Adaptive landscapes on trees
G.G. Simpson's phenotypic adaptive landscape provides a conceptual framework for understanding the dynamics of trait evolution on both micro and macroevolutionary scales. This framework has been formalized at microevolutionary scales in the empirically-validated framework of evolutionary quantitative genetics. Futhermore, hypotheses regarding the macroevolutionary adaptive landscape have been applied to patterns of trait diversification at macroevolutionary scales. We work to better understand when, why and how adaptive landscapes change at macroevolutionary scales, and why these shifts occur.
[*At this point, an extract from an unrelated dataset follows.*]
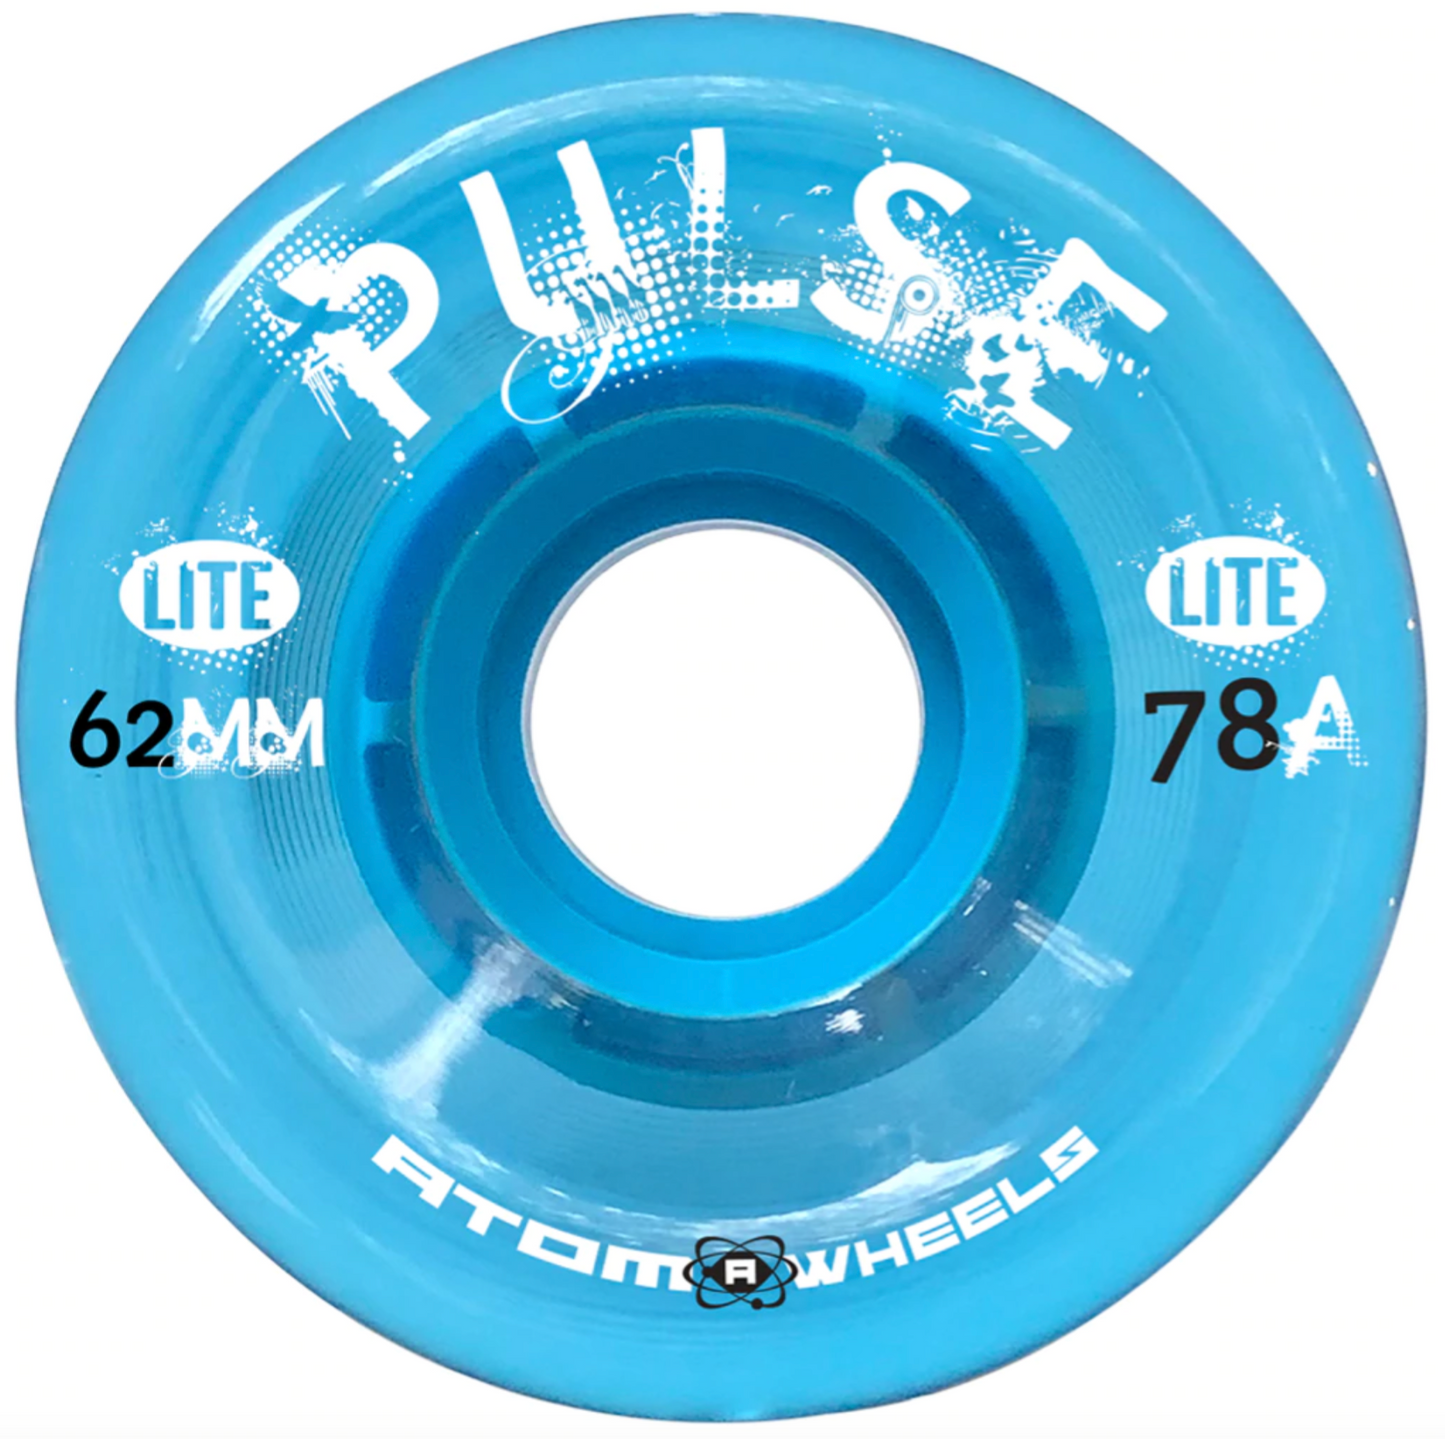 Ruote Atom Pulse Lite BLU | 78A x 62mm | Ruote da esterno per pattini a rotelle quad - pack da 4 ruote
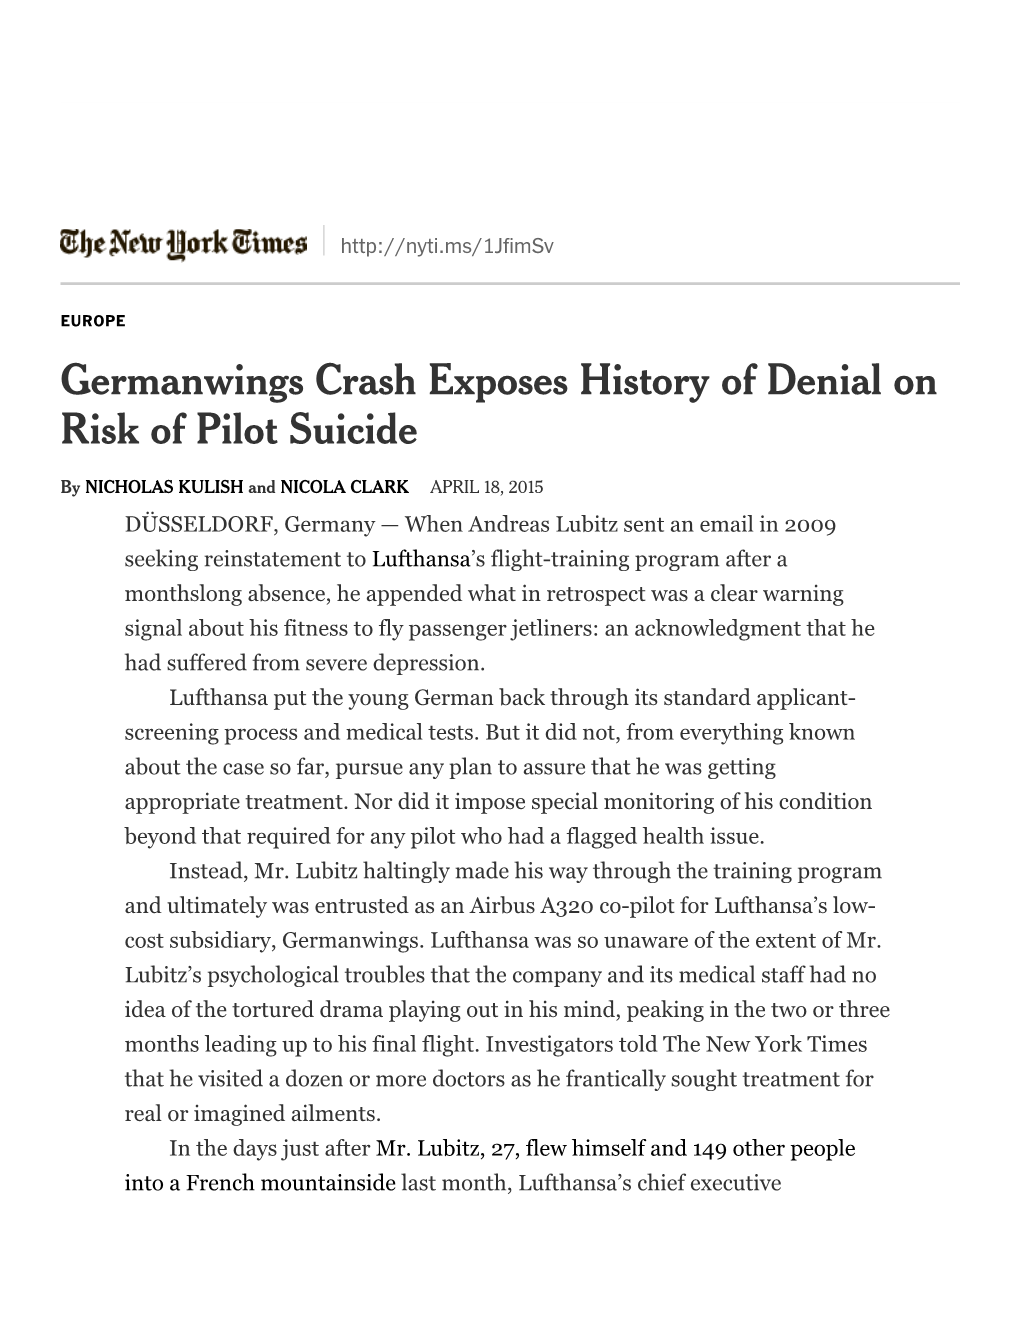 Germanwings Crash Expose...T Suicide

We have developed an approach that uses Bayesian reversible-jump MCMC to detect shifts in the macroevolutionary adaptive landscape. The method is implemented in the software package bayou, which we are continuing to develop. Besides detecting shifts in adaptive landscapes, the Bayesian approach also enables users to use informative priors for analyzing trait evolution--providing a means to connect macroevolutionary models to biologically realistic parameter estimates. Our goal is to provide a variety of tools for understanding adaptive evolution on trees that integrate data from paleontological studies, neontological time-series, estimates of selection and genetic (co)variation, performance landscapes, and phylogenetic comparative data that can be used to better understand (multivariate) trait evolution.
Recently, we have further expanded bayou to detect shifts in allometric scaling relationships. The relationship between body size and metabolism, for example, is a well-studied relationship that is central to the Metabolic Theory of Ecology. We develop an approach that can test for the universality of the slope and intercept of allometric scaling relationships without specifying a priori the location of shifts. This enables us to understand when, where and (potentially) why shifts in allometries occur. We can then use Bayesian model selection to determine if ecological or life history predictors can explain away clade-level shifts, providing insight into the potential causes of changing scaling relationships. Our goal is to understand how changes in the environment and traits of organisms have resulted in fundamental changes in the flow of energy through organisms over the course of evolutionary history.
Many phenotypic traits of interest are only available in discrete character codings, which present a challenge for comparative biologists as they contain less information than continuous traits. My lab seeks to build tools that can find common patterns of divergence and diversification between discrete characters. In a recent study, we showed concerted evidence across traits for shifts in evolutionary rates that roughly align with the timing of the Great and Neoproterozoic oxygenation events in the history of cyanobacteria. We are working to further address the challenge of detecting and understanding the consequences of shared dynamics between discrete traits, in particular by leveraging the information found in phenotypic ontologies.
Quantitative Genetic Models
In addition to taking a top-down approach through phylogenetic comparative methods, Quantitative genetic theory provides a "bottom-up" approach for understanding connecting trait evolutionary models to make macroevolutionary predictions. Understanding how genetic (co)variation, selection and heterogenous adaptive landscapes lead to macroevolutionary consequences such as speciation and trait evolution are crucial questions for understanding when and why traits evolve, and when they do not.